Questa è forse la domanda più difficile di tutte a cui rispondere quando si parla di Ronaldo. Guardando indietro, alle stagioni precedenti a quelle interiste (nella prima era già pienamente maturo, nella seconda si è infortunato), si vede bene che Ronaldo era “fenomenale” praticamente dall’inizio.
Ecco delle prove.
Ronaldo è la macchia blu che sfreccia in mezzo alle tre macchie bianche (di cui almeno due tentano di fermarlo con le cattive maniere) e aggira il portiere mettendo poi la palla nella porta vuota. Era il 6 aprile del 1994 e Ronaldo non aveva ancora compiuto diciotto anni (né aveva ancora vinto un Mondiale sedendo in panchina), ma attraversava la difesa del Boca Juniors esattamente come gli vedremo fare negli anni a seguire con tre quarti delle difese spagnole e italiane (anche quelle tedesche hanno avutola loro dose di Ronaldo, va detto).
L’avvento
I particolari che descrivono la vita di Ronaldo prima di diventare Ronaldo fanno tenerezza sapendo quanto velocemente sarebbe cambiata la sua storia. Il fatto che non si è potuto allenare con il Flamengo perché era troppo lontano e il biglietto dell’autobus costava troppo, il padre che per vivere in qualche modo il suo esordio con il Cruzeiro è dovuto andare su una collina di Rio con una radio, per ricevere una stazione di Belo Horizonte. Il solo fatto di essere Ronaldo ci sembra superiore a qualsiasi difficoltà possa aver vissuto. D’accordo, pensiamo, ma era Ronaldo! . Prima o poi qualcuno si sarebbe reso conto comunque che era Ronaldo! In casi come il suo non è questione di venire scoperti, ma riconosciuti.

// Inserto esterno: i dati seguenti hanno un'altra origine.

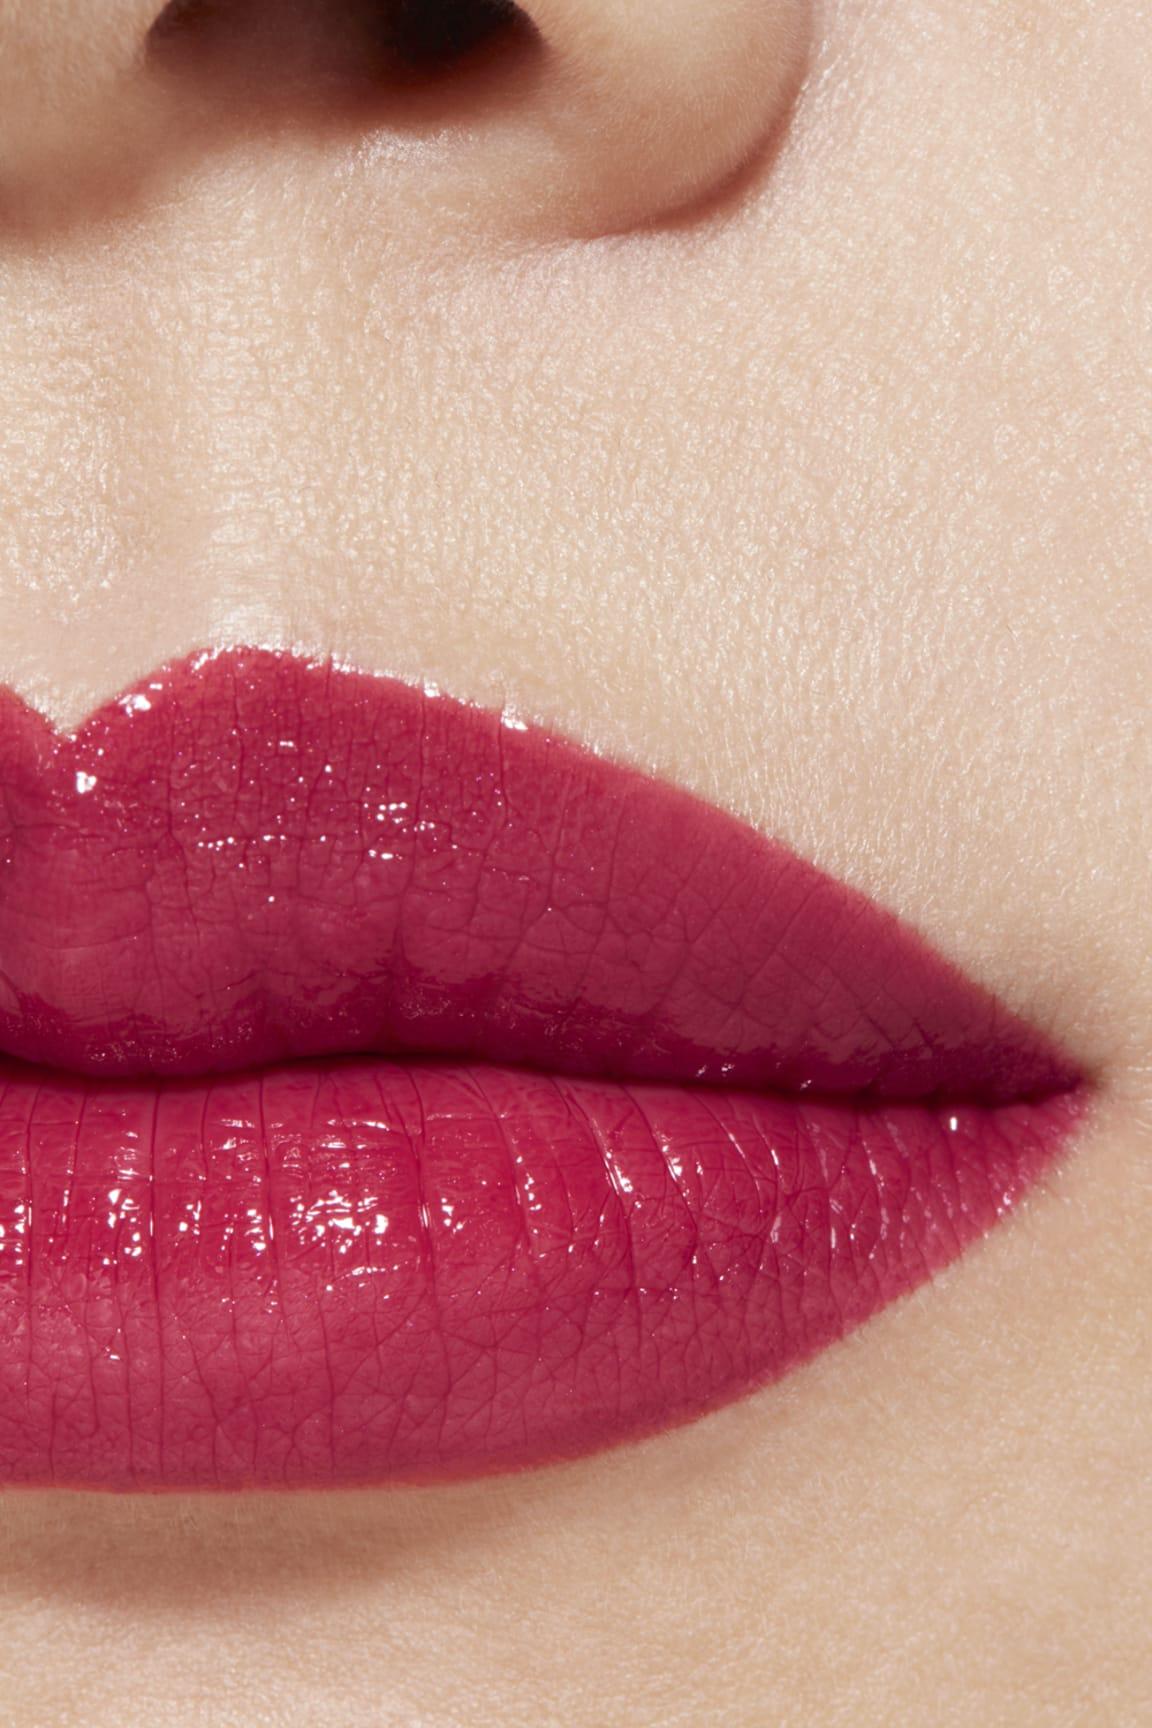 Visuel d'application maquillage 1 - ROUGE COCO 498 - ÉCLAT

E guardando le immagini di quando Ronaldo ha diciassette/diciotto anni è facile riconoscere il prodigio di tecnica e atletismo che sarebbe diventato poi. Non c’è niente da scoprire, anche l’immaginazione più povera avrebbe visto il talento del Ronaldo del Cruzeiro, senza dubbio il Ronaldo più leggero della storia, un centravanti velocissimo e con un dribbling già pieno di finte (che quando salta di testa arriva sorprendentemente in alto). Quello del PSV sembra il fratello maggiore, con le gambe più grosse e un ritmo frenetico.
Un’intensità da tarantolato e un gioco di gambe che gli permettono di passare letteralmente attraverso gli avversari.

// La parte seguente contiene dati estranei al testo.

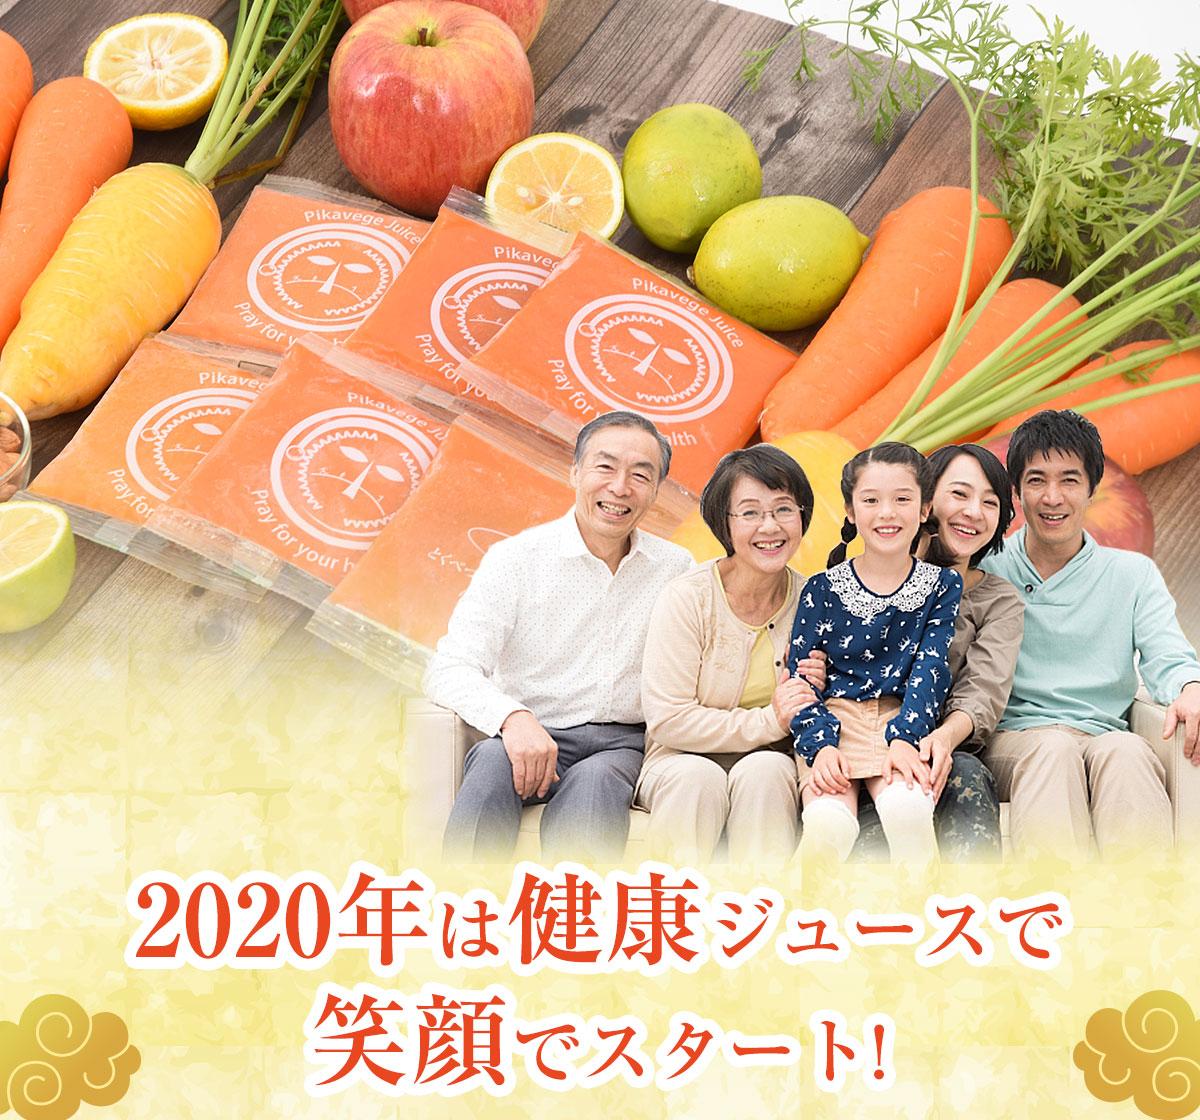 2020年は健康ジュースで笑顔でスタート

Ma magari a posteriori è più facile. C’è uno di quegli aneddoti che aggiungono alla figura austera di Van Gaal una sfumatura buffa e un po’ pazza, che vede l’allenatore dell’Ajax commentare l’arrivo di Ronaldo al PSV dicendo “Noi abbiamo Kluivert”. Una frase che, con tutto il rispetto per Kluivert, non suona benissimo e conferma il gusto di Van Gaal per quei talenti da educare quasi da zero.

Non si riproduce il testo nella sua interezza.